Nike appealed that ruling to the Supreme Court of the United States, which should have taken the time and shown the courage to defend the First Amendment. Instead, in a one sentence order, the Supreme Court sent the case back to California, where Nike will have to go through the time and expense of defending itself at trial.
Then there will be the inevitable appeals, most likely back to the Supreme Court of the United States, regardless of which way the lower courts rule. Years and hundreds of thousands of dollars in legal fees from now, the Supreme Court will have to once again face the question: In the market place of ideas, should a company be virtually powerless to defend itself?

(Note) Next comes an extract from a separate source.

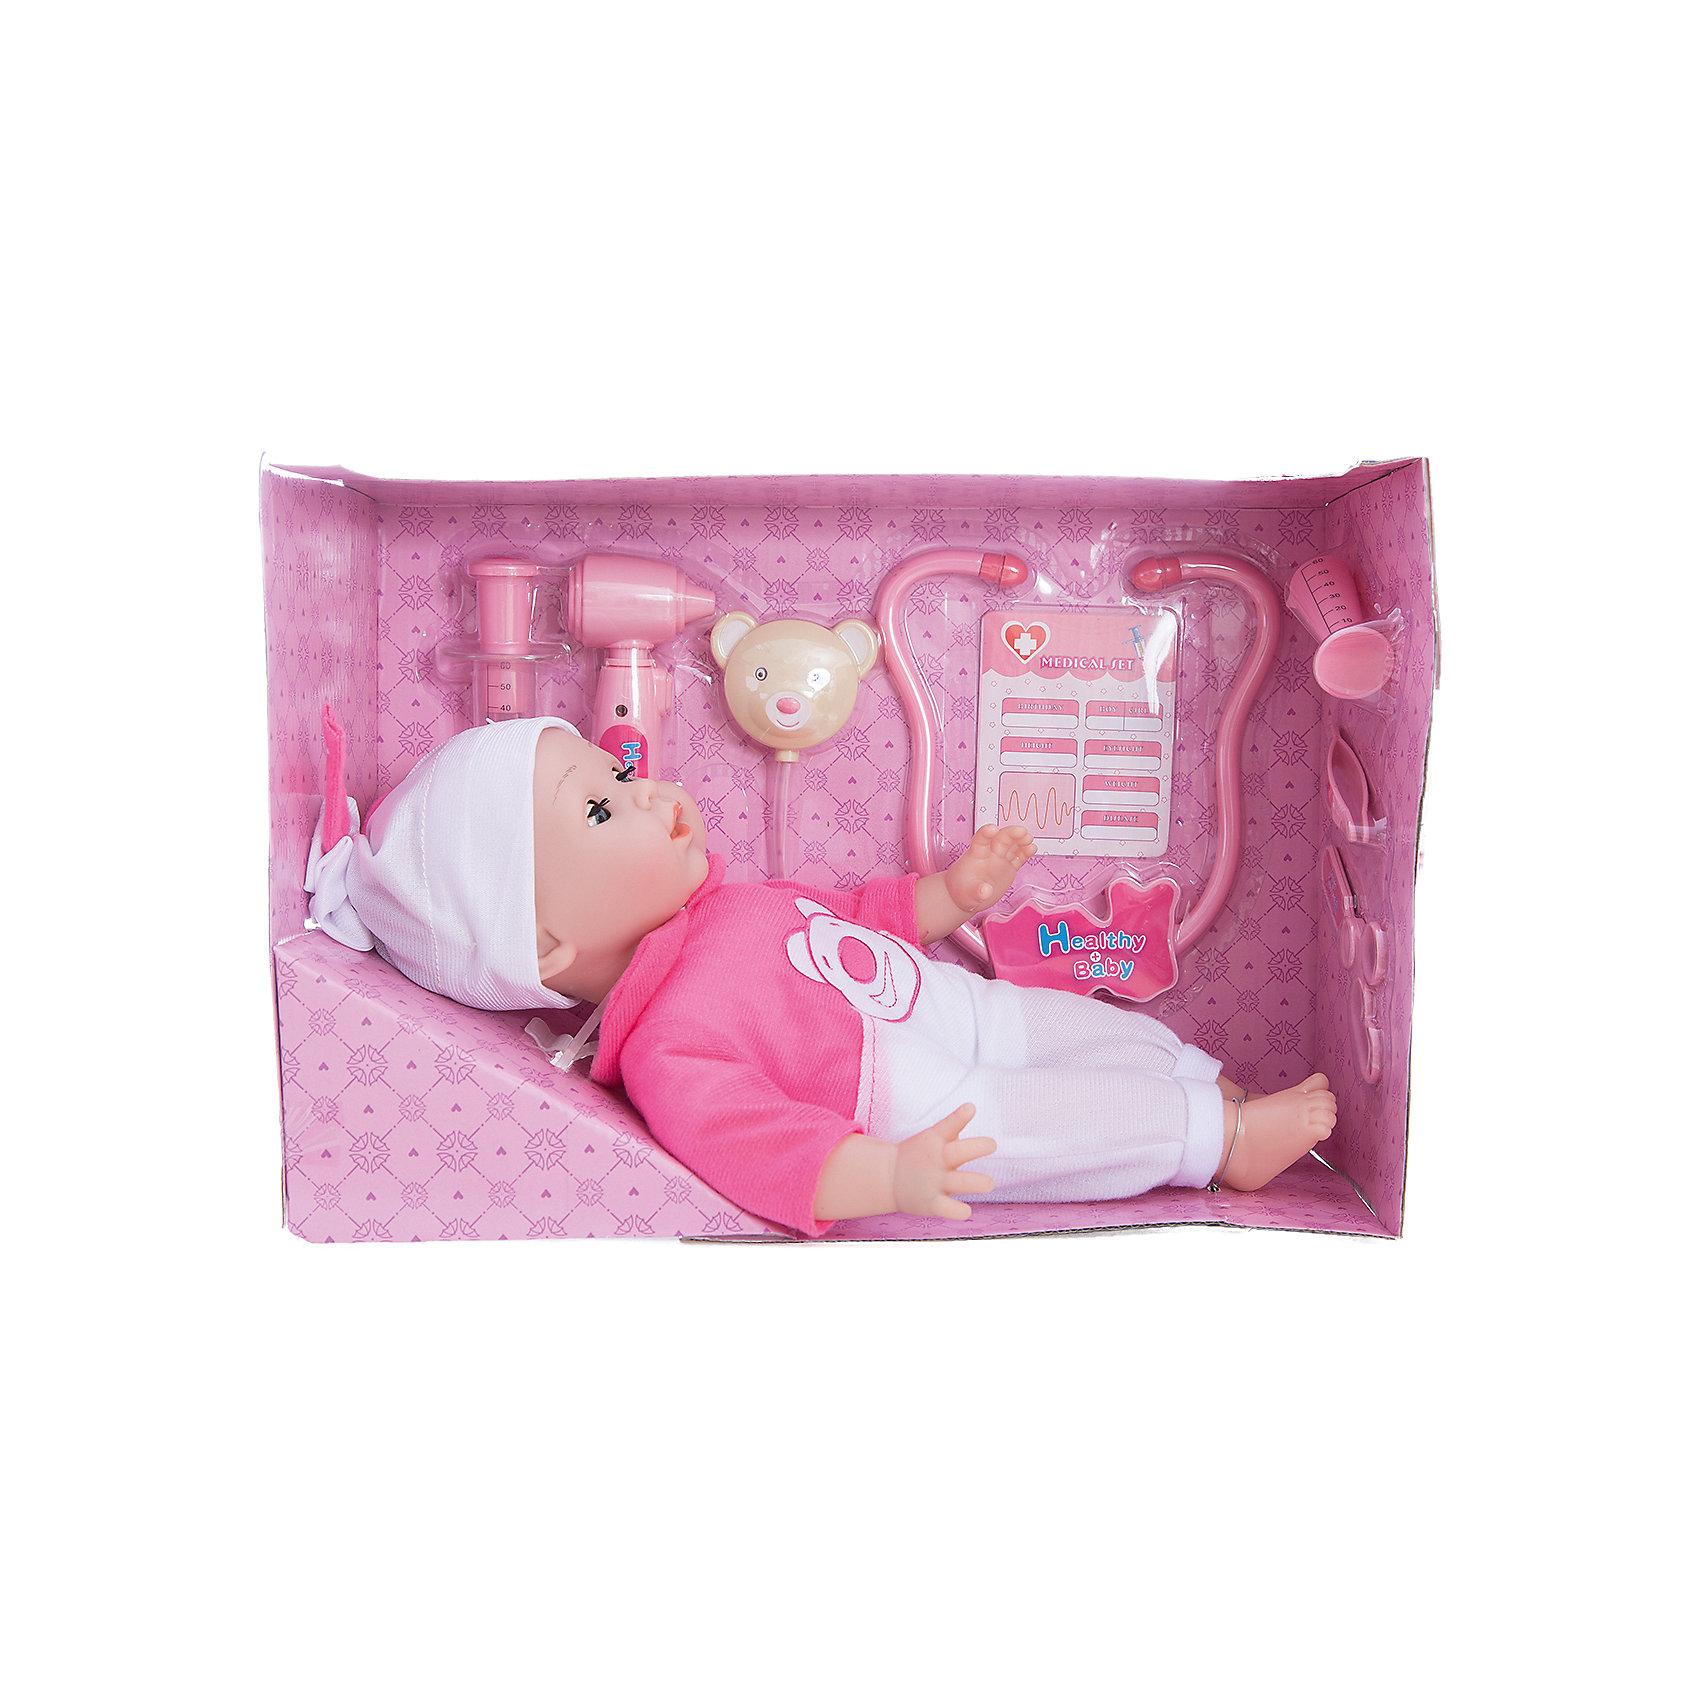 Интерактивная кукла Варя Вылечи меня!, 38 см, Mary PoppinsИнтерактивные куклы<br>Интерактивная кукла Варя Вылечи меня!, 38 см от популярного российского бренда кукол и аксессуаров Mary Poppins (Мэри Поппинс). Эта интерактивная кукла выглядит как настоящий ребеночек! Более того, в комплекте у этой малышки имеется все необходимое для медицинского осмотра и лечения: медицинская карта, стетоскоп, при использовании которого можно услышать биение сердца, отоскоп для проверки ушей, кукла будет хныкать, и, конечно же, если сделать укол, то она начнет громко плакать. Кукла говорит «баба», если нажать на правую руку, а если нажать дважды, то кукла скажем «мама». Теперь кукла Варя будет всегда здорова! Кукла одета в красивый розово-белый комбинезон, а на голове малышки стильная белая с розовым шапочка. Нейтральное выражения лица пупса поможет ребенку придумать множество своих сценариев и чувств куклы, закладывая фундамент социальных навыков и социального развития. Играя с куклами дети познают человека, как с физиологической, так и с стороны общения между людьми, развивается моторика рук, внимание, воображение, такие игры положительно влияют на психологическое развитие. <br><br>Дополнительная информация:<br><br>- В комплект входит: 1 кукла в одежде, стетоскоп, отоскоп, карточка малыша.<br>- Материал: ПВХ, текстиль, пластик <br>- Размер куклы: 38 см<br>- Необходимы три батарейки типа LR44 (не входят в комплект)<br><br>Интерактивную куклу Варя Вылечи меня!, 38 см, Mary Poppins (Мэри Поппинс) можно купить в нашем интернет-магазине.<br><br>Подробнее:<br>• Для детей в возрасте: от 3 до 10 лет<br>• Номер товара: 4925543<br>Страна производитель: Китай<br><br>Ширина мм: 395<br>Глубина мм: 160<br>Высота мм: 325<br>Вес г: 7578<br>Возраст от месяцев: 36<br>Возраст до месяцев: 120<br>Пол: Женский<br>Возраст: Детский<br>SKU: 4925543

And in the meantime, other companies facing other attackers -- especially in California -- will muzzle themselves for fear of saying something in their defense that will allow their detractors to sue them for false advertising.
Minority view
In dissent, Justice Stephen Breyer, joined by Sandra Day O'Connor, observed that "the questions presented directly concern the freedom of Americans to speak about public matters in public debate, no jurisdictional rule prevents us from deciding those questions now, and delay itself may inhibit the exercise of constitutionally protected rights of free speech without making the issue significantly easier to decide later on."
None of the conservative judges in the court were willing to acknowledge this obvious fact, which is troublesome. Where, we wonder, in the First Amendment, which guarantees freedom of speech and the press (as well as freedom of religion, assembly and the right to petition the government for redress of grievances), is there an exception that allows the state of California to muzzle Nike?
Nike was not making false claims about the quality or performance of its shoes or apparel, which would arguably amount to a kind of fraud that can be dealt with under false advertising laws.
It was entering into a public debate on issues of importance, issues that in this case were raised by its detractors. The California Supreme Court's reading allows special interest groups and their spokesmen, who may or may not have the purest of motives, to take pot shots at Nike or any other commercial entity they choose. But Nike and similar targets aren't even able to shield themselves, much less shoot back for fear of landing in court..
That's not the American way, and the issue is important enough that the Supreme Court should have addressed it without unnecessary delay.